WHAT IS BEING ASKED: For any picture in the lines below, please leave it out and copy the rest exactly.

DATASET EXTRACT:

◇ ◇ ◇ ◇ ◇

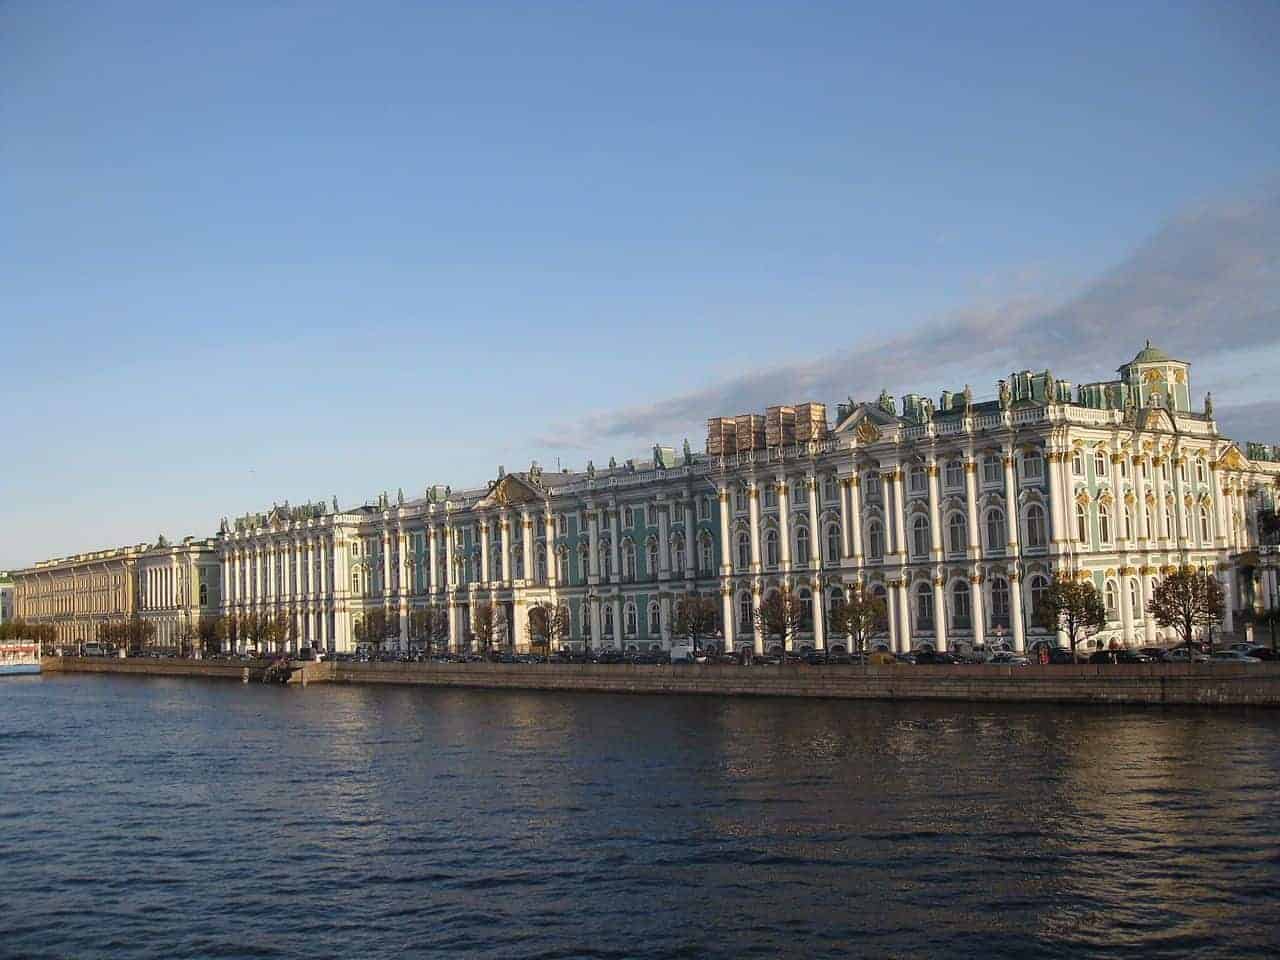 Conocer el Terraplén del Palacio en San Petersburgo; Visitar el Terraplén del Palacio en San Petersburgo; Recorrer el Terraplén del Palacio en San Petersburgo
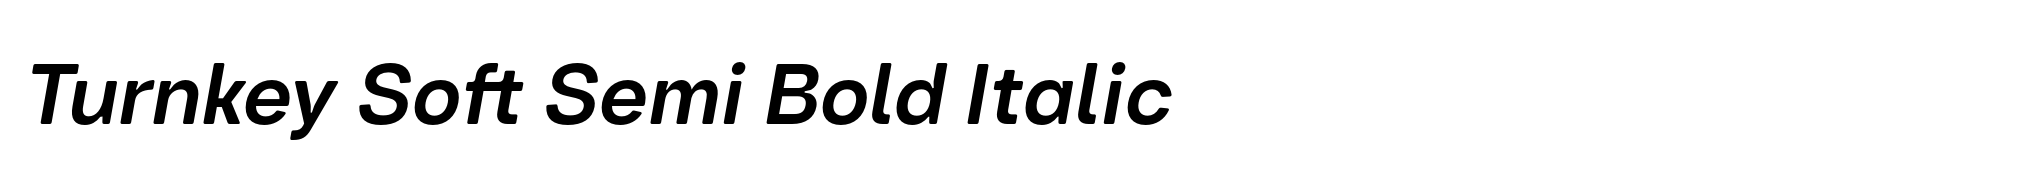 Turnkey Soft Semi Bold Italic image
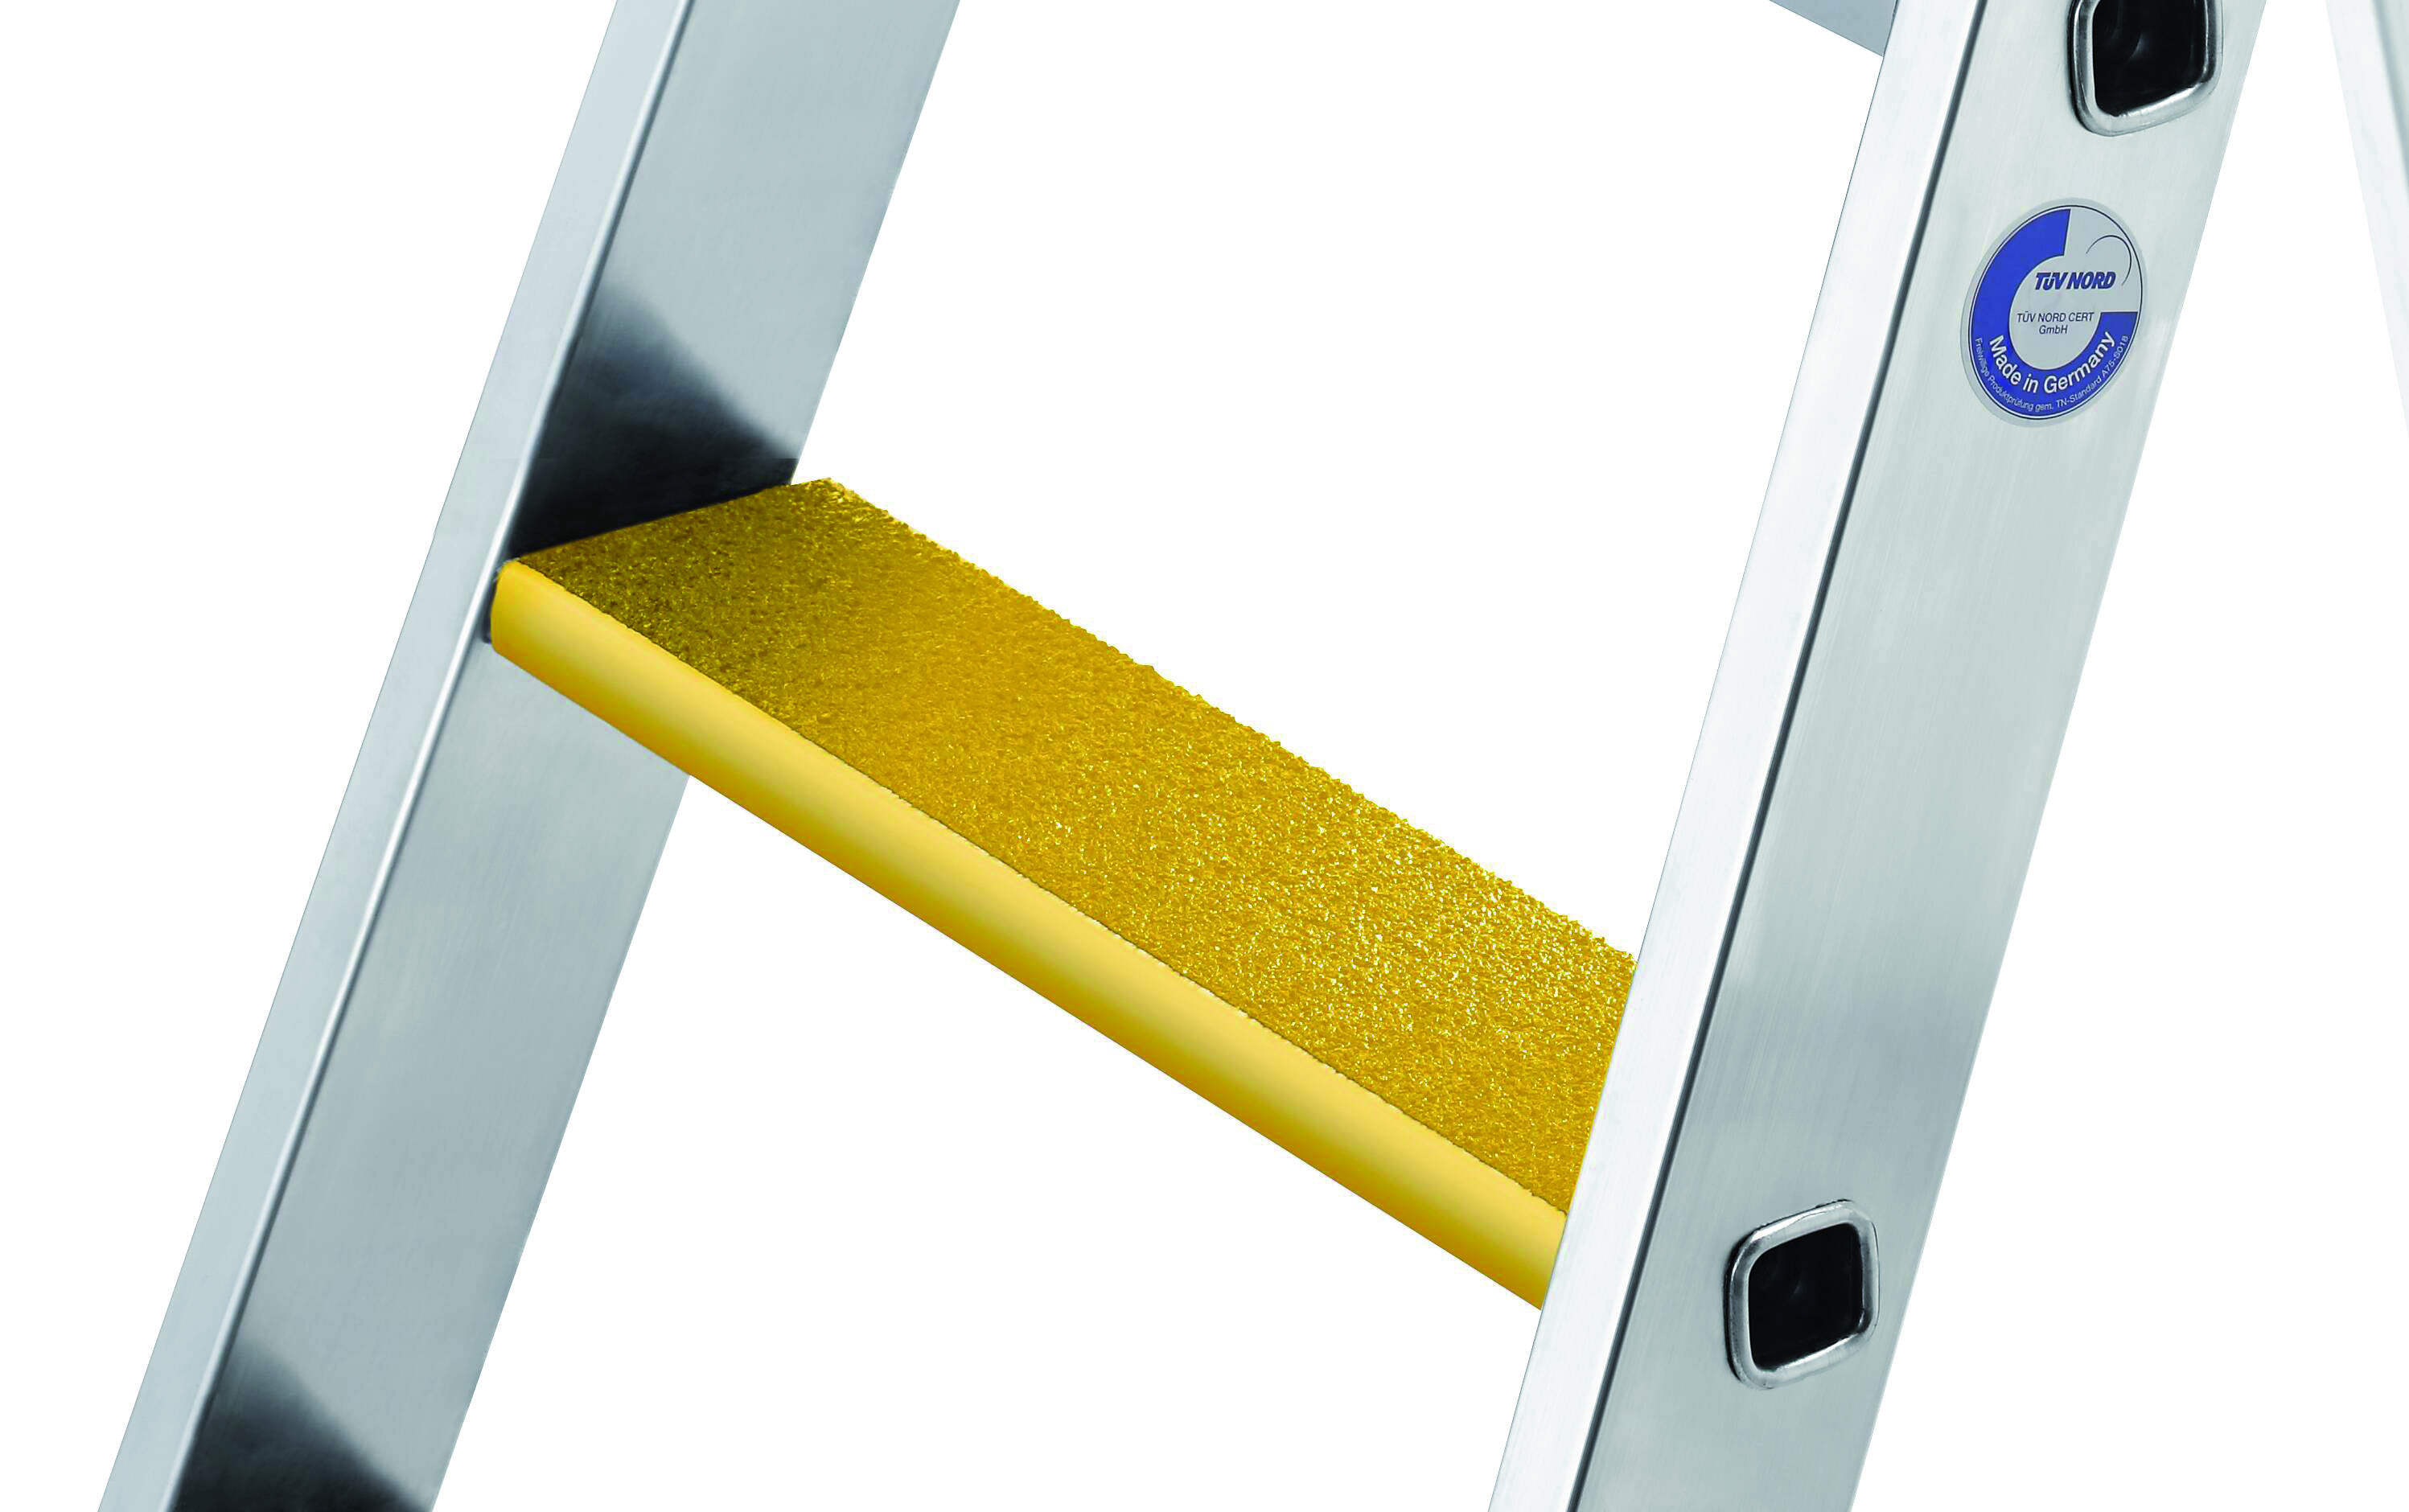 Nachrüstsatz Trittauflage clip-step R 13 gelb, 368 mm

◇ ◇ ◇ ◇ ◇

YOUR SOLUTION:
 Conocer el Terraplén del Palacio en San Petersburgo; Visitar el Terraplén del Palacio en San Petersburgo; Recorrer el Terraplén del Palacio en San Petersburgo
 Turnkey Soft Semi Bold Italic image
 Nachrüstsatz Trittauflage clip-step R 13 gelb, 368 mm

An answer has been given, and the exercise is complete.